I have a clear memory of the moment I learned the word “taboo.” I was 7 or 8, and I had just spent the day walking around a golf course with a great friend of my mother’s (and later, of mine), a man called Tim, and his opponent, a woman called Nora. They had not played each other before. Nora, it transpired, was an excellent golfer. Tim was not. She trounced him. Worse, she didn’t do it from what I learned were called the “ladies’ tees.” She didn’t do it from the “gentlemen’s tees.” She did it from the hardest of all, the “tiger tees.”
I was chatting happily about this, not knowing that women were supposed to lose to men, not knowing that Nora’s tigerish defeat of him was, in Tim’s mind, an exasperating humiliation. I soon found out. As I relived Nora’s victory yet again, Tim leaned over to me and said, “Olivia. The subject is taboo. Do you know what that means?” And he explained.
Looking back, it seems somehow fitting that I learned this word in the context of male versus female performance. For certain subjects in science are taboo — and research into genetic differences in ability or behavior between different groups of people is one of the biggest of all.
The reasons for this are obvious. Some of the most ghastly atrocities of the 20th century were carried out under the banner of the “master race” and nasty pseudoscientific notions about genetic superiority. Sexual and racial discrimination still persist. One legacy of all this is that no one dares look at whether, in humans, differences in anything other than the risk of disease might be influenced by genes. Many geneticists I know are scared — really scared, and with reason — of having their careers ruined if they ask any other questions. Look no further than Lawrence Summers, former president of Harvard University, who was pilloried last year for wondering if mathematical ability in men and women might have some genetic underpinning. A sign has been hung on the door that says “Area Closed to Research.”
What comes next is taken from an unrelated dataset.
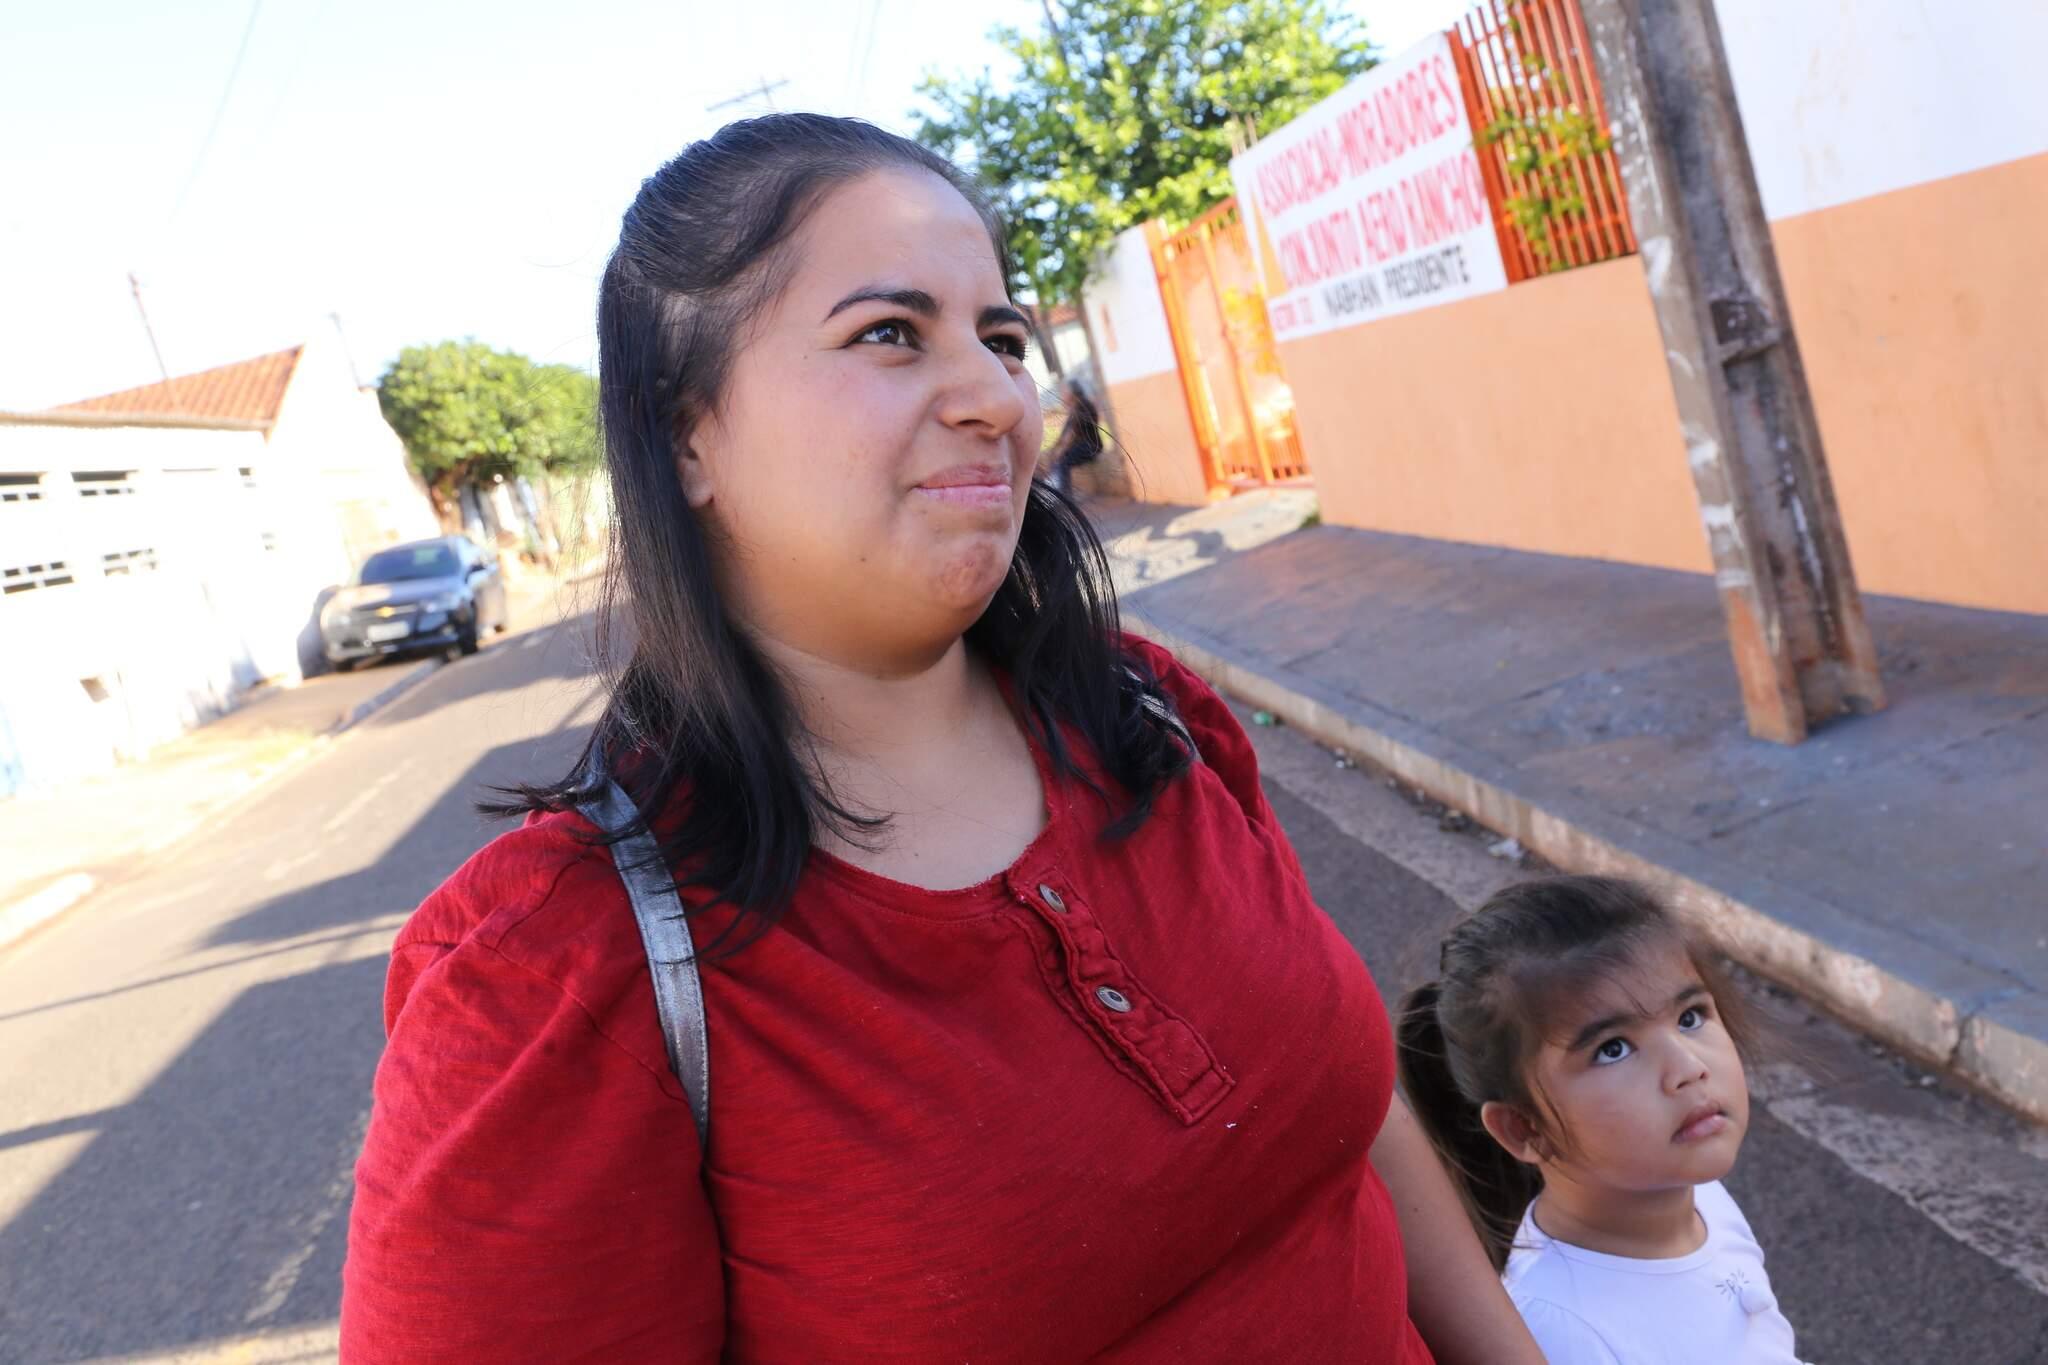 Mayene de Oliveira Nantes deixa a filha com a cunhada enquanto trabalha (Foto: Kísie Ainoã)

Until recently. Research into the genetics behind certain sorts of group differences — skin color, the ability to digest milk, the underpinnings of autism and the like — is now starting to be published. But other subjects remain ferociously contentious. Let me tell you a tale of three papers.
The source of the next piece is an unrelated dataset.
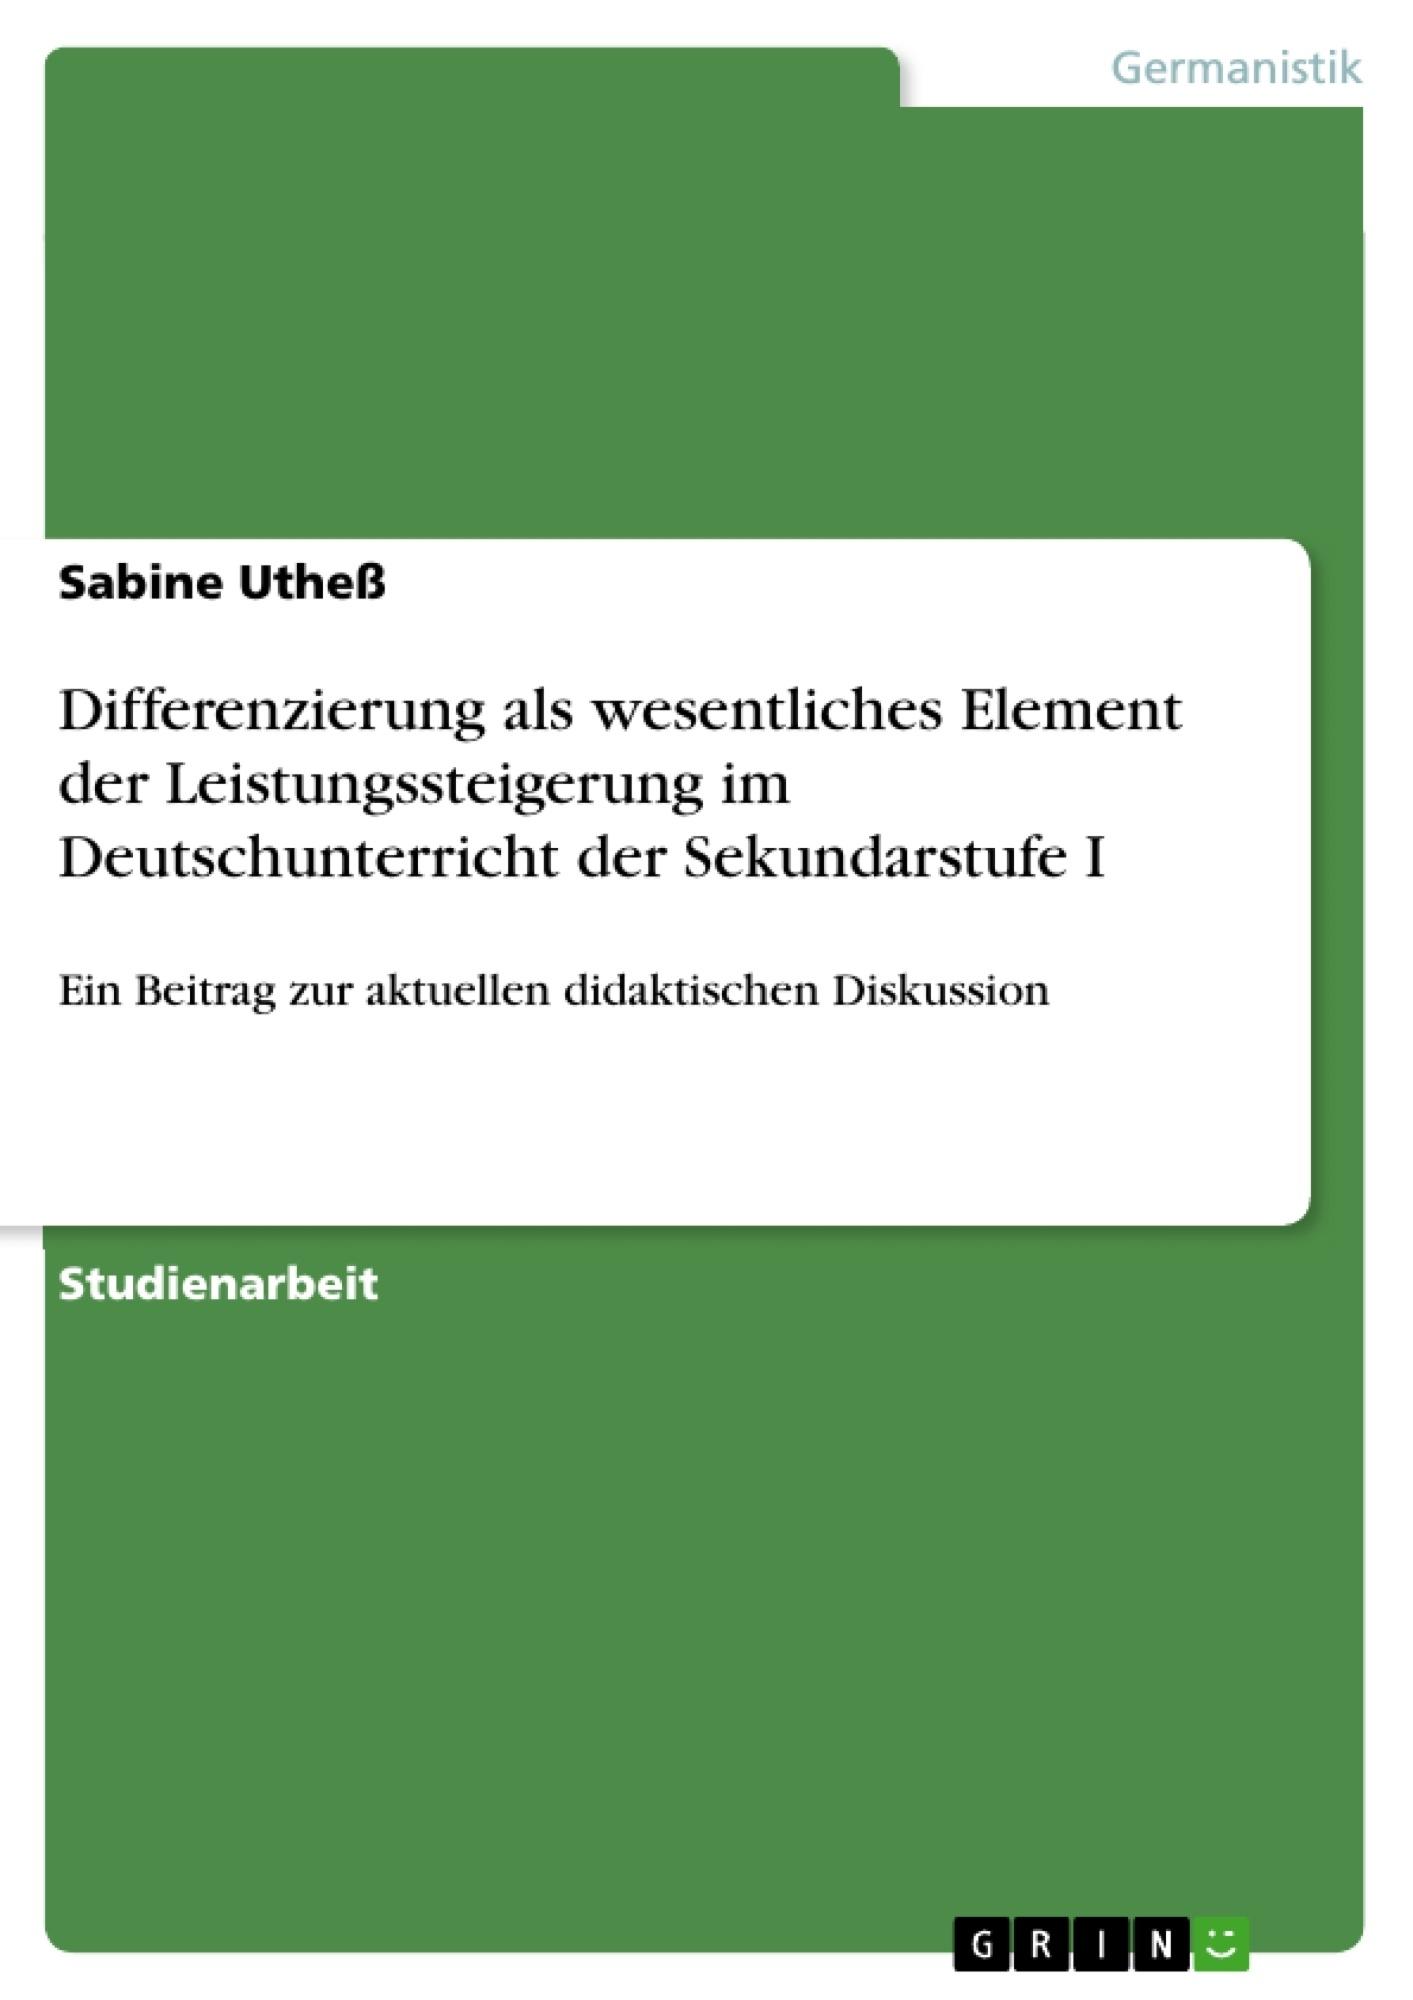 Titel: Differenzierung als wesentliches Element der Leistungssteigerung im Deutschunterricht der Sekundarstufe I

Last September, the journal Science published two papers that claimed natural selection had acted recently and strongly on two human genes involved in brain development. Let’s look at what this claim means.
As you’d expect, a whole slew of genes affect aspects of brain structure in humans. The two featured in the Science papers are among those thought to affect brain growth. People who have two mutant copies of either one of the genes have a condition known as microcephaly — tiny heads and brains. Mental retardation is a consequence.
What do we know about these genes, besides the fact that everyone needs at least one functioning version of each gene for their brain to grow properly? Not much. We may need them for other things as well — both appear to be involved in cell division, for example — but no one knows what exactly. We also know that functioning versions of these genes come in several subtly different forms. Whether these subtle differences matter is unknown. In short, we know (some) of what these genes do when they go wrong, but not much about what they do when they’re normal.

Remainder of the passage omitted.